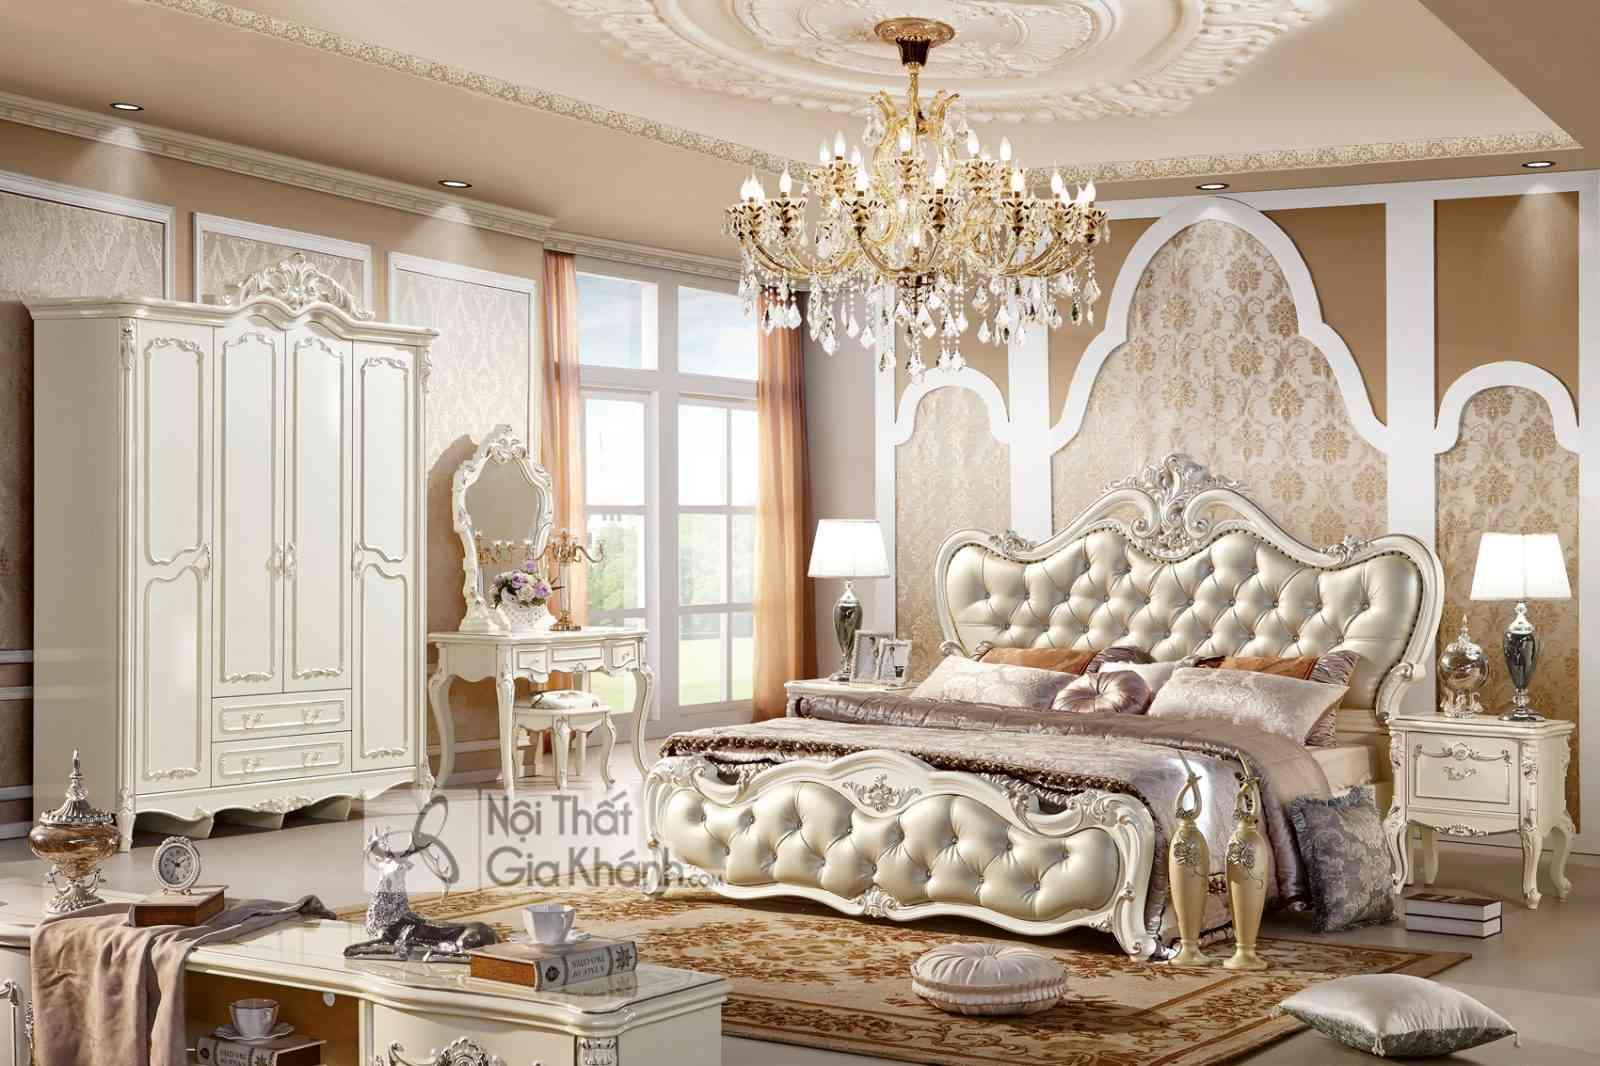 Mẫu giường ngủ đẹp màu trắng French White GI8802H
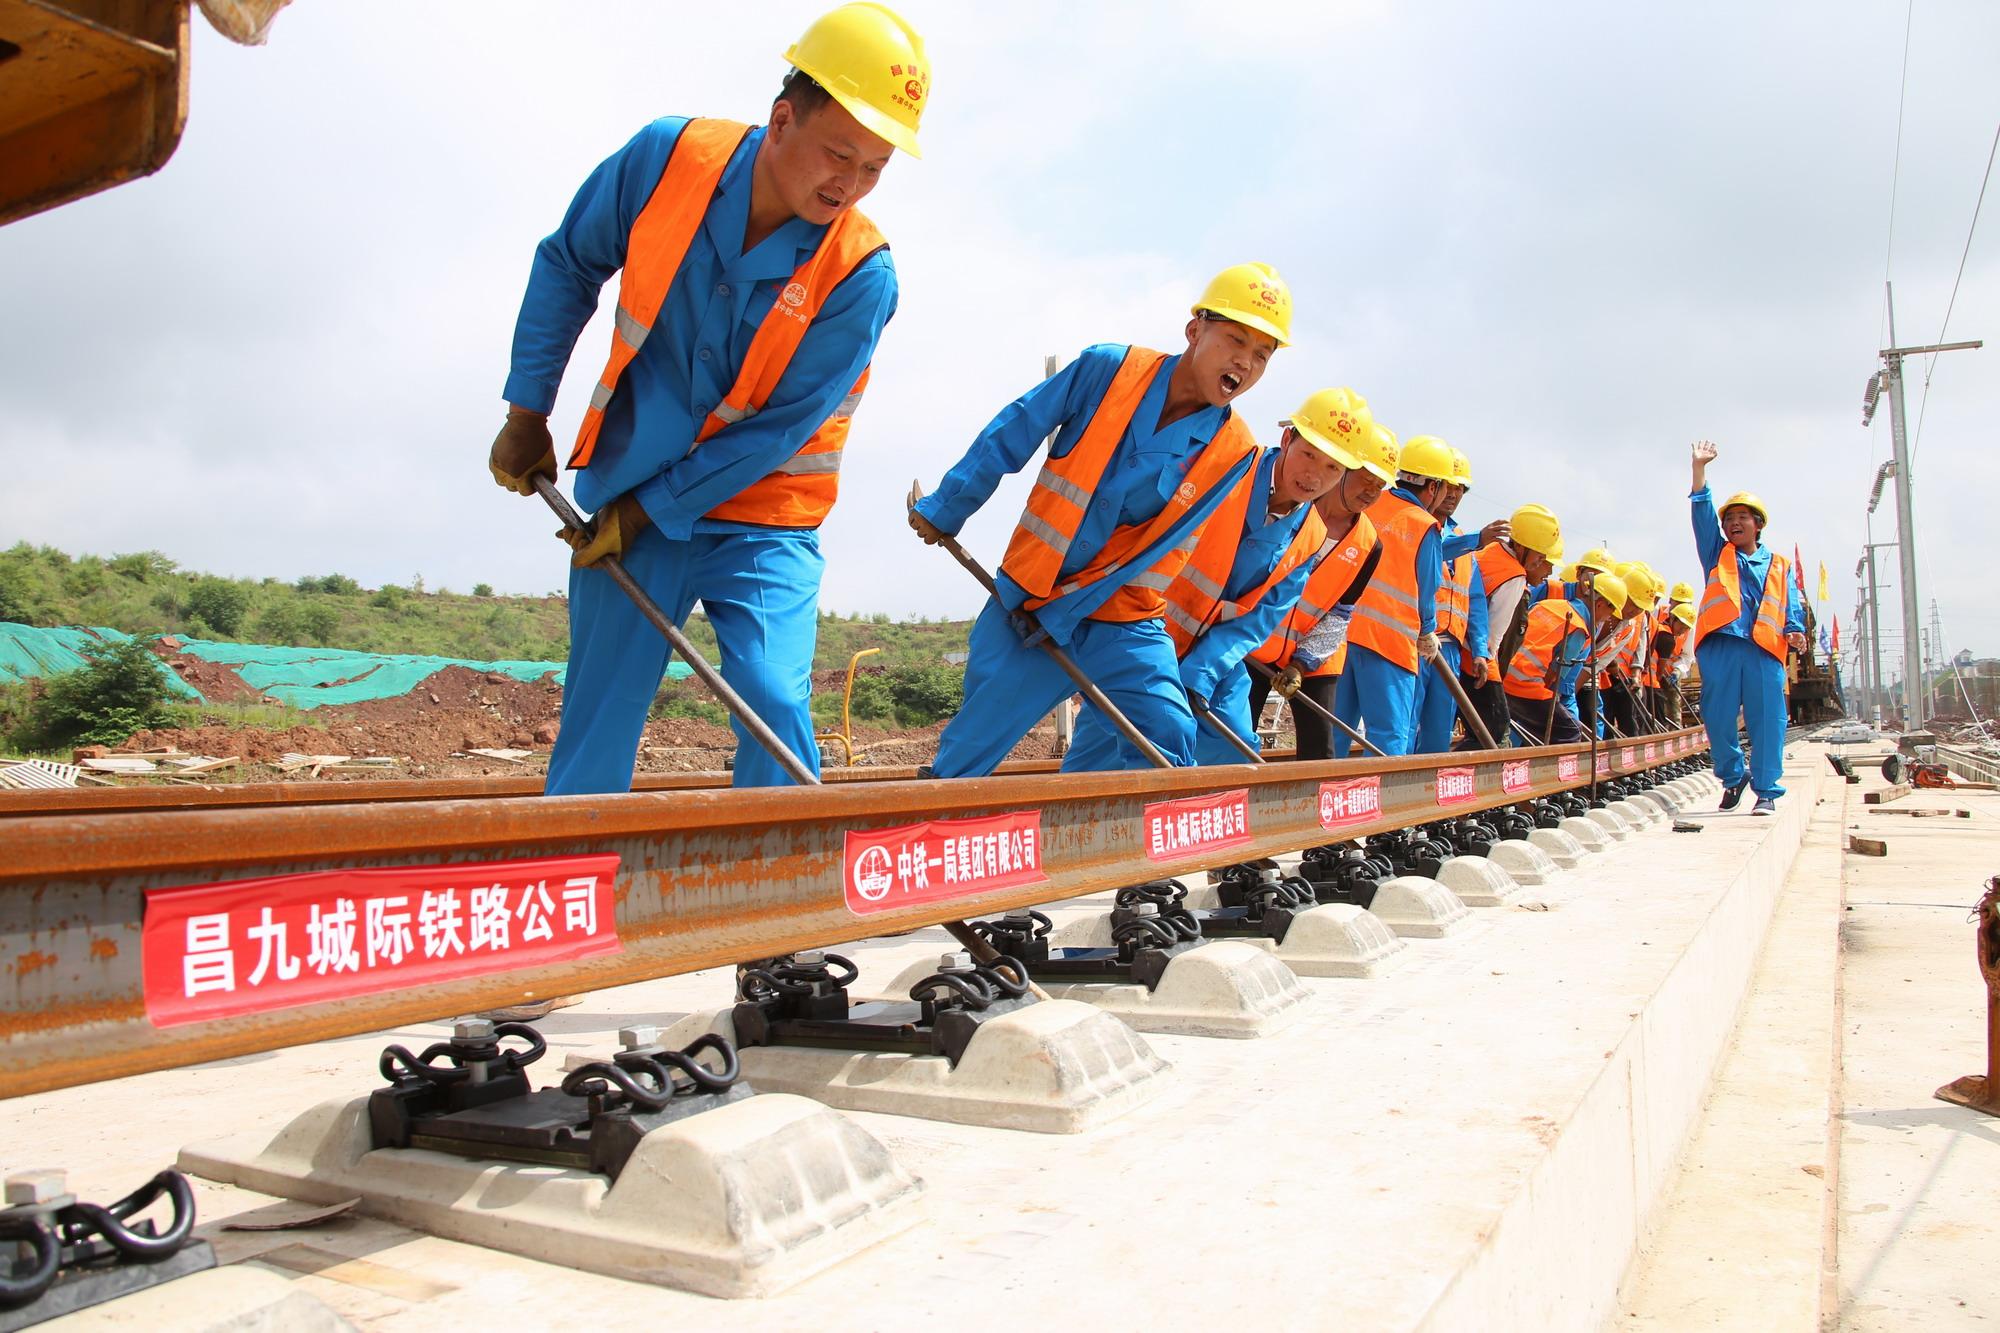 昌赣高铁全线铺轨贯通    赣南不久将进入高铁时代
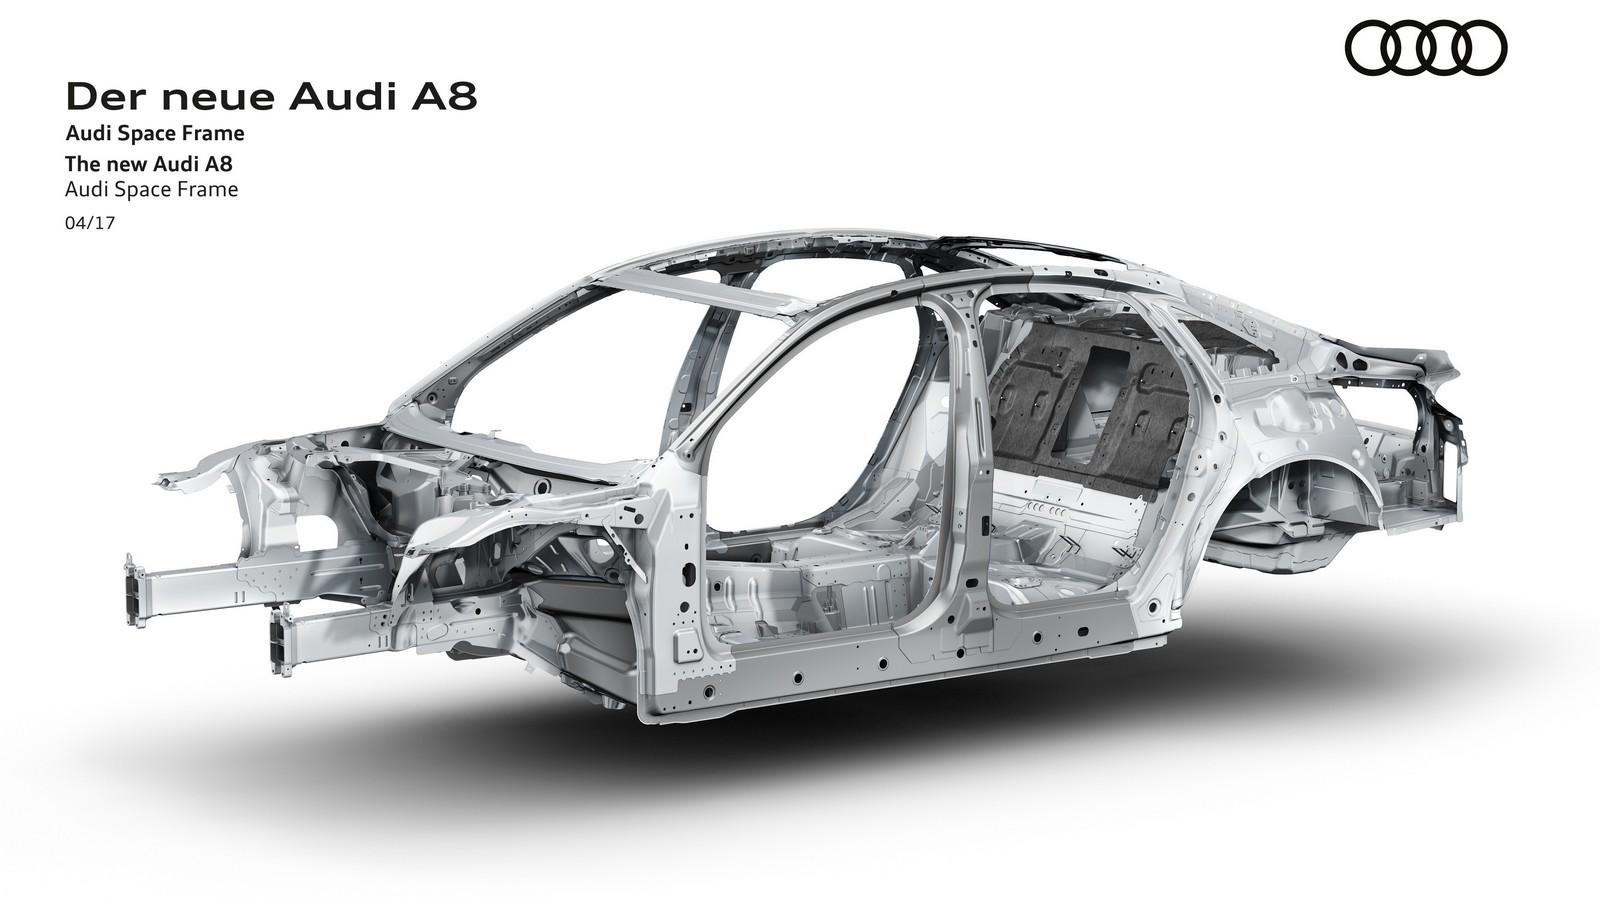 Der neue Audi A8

ABOUT THIS TASK: Leaving the pictures out, output all of the listing exactly.

ANSWER SPACE:
 Mẫu giường ngủ đẹp màu trắng French White GI8802H
 昌赣高铁全线铺轨贯通    赣南不久将进入高铁时代
 Der neue Audi A8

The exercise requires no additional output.